The University of New South Wales
Term 3, 2023
COMP1521: Computer Systems Fundamentals
20T2 Final Exam (practice)
— Friday 1 December 2023 —
10 questions — 100 marks
10 minutes reading; 3 hours working
Examination Information
Examination Instructions and Conditions
You can start reading the text of this examination when instructed to do so by your invigilator.
You can start working on examination questions when instructed to do so by your invigilator.
You must stop working on examination questions immediately when instructed to do so by your invigilator.
Only submissions made before this time will be marked.
For students with approved examination extensions from UNSW Equitable Learning Services,
You should continue working until your extended working time expires.Your invigilator will tell you when this time expires.

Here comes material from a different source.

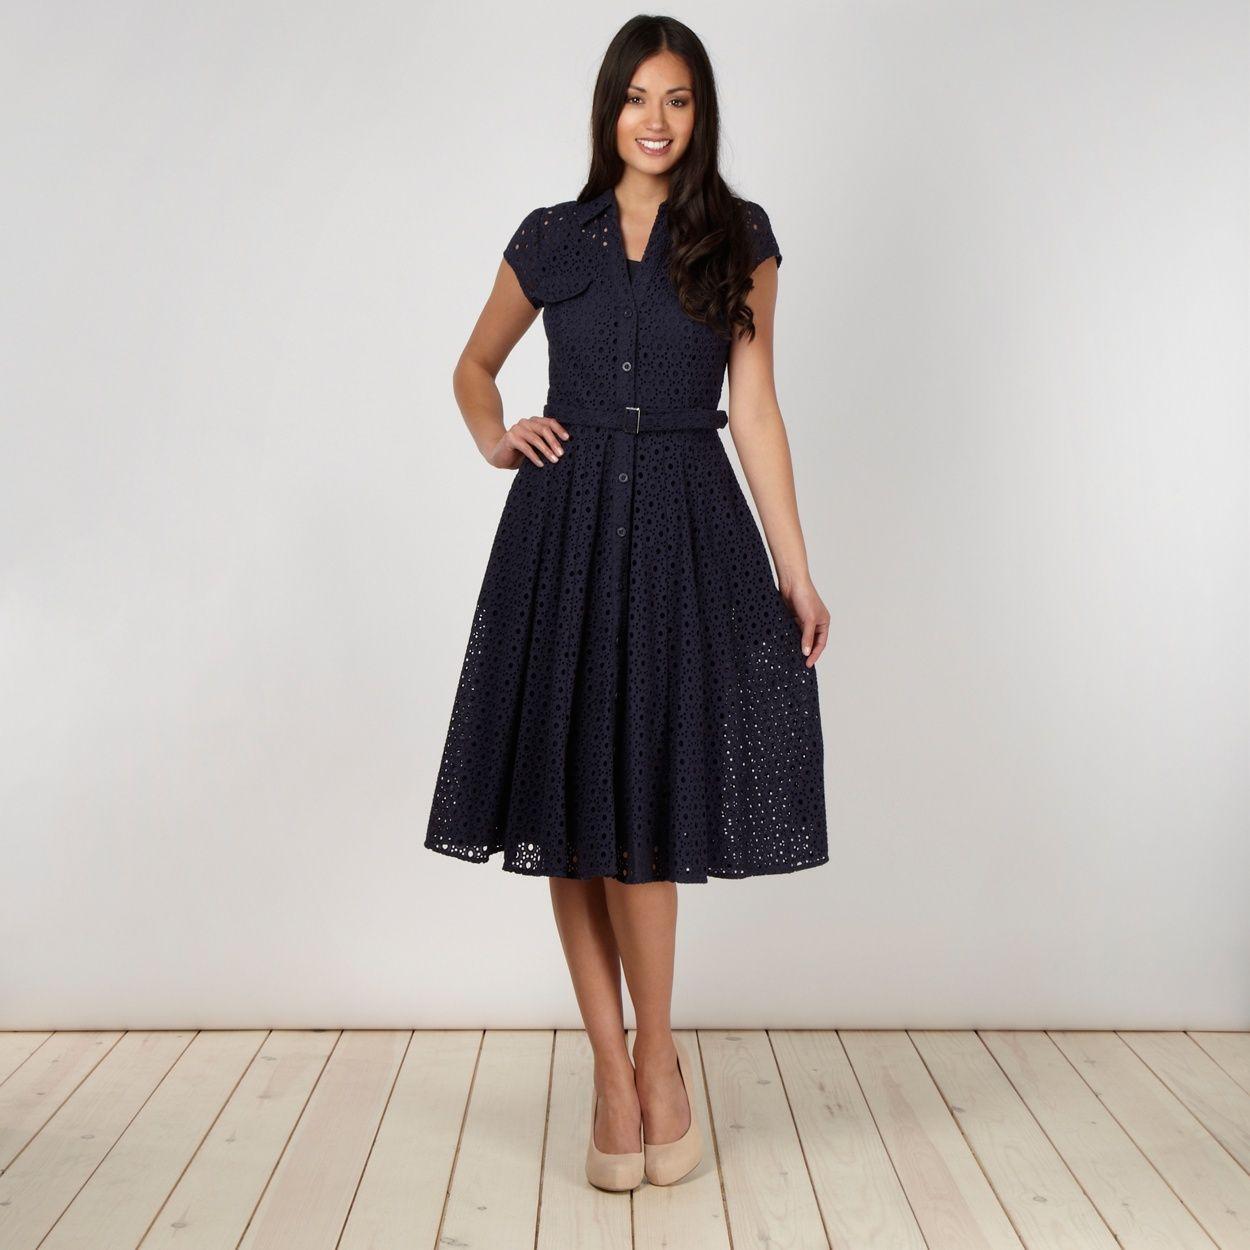 J by Jasper Conran Designer navy broderie shirt dress | Dressing Me

You must not communicate with any person during the examination
except for COMP1521 Course Staff and Exam Invigilators.You are not permitted to talk, email, telephone, message , etc. all
except to COMP1521 Course Staff and Exam Invigilators.You must not get help from anyone during this exam,
except from COMP1521 Course Staff and Exam Invigilators.You must not communicate (email, message, post, ...) your exam answers to anyone, even after the exam has finished.
There are two sessions, so other students may still be taking the exam after you have finished.
Additionally Some students have extended time to complete the exam.
And some students may be taking the exam on a different day.
Communicating your answers to other students, even after the exam, may be academic misconduct.
You must ensure that, during and after the examination, no other person can access your work.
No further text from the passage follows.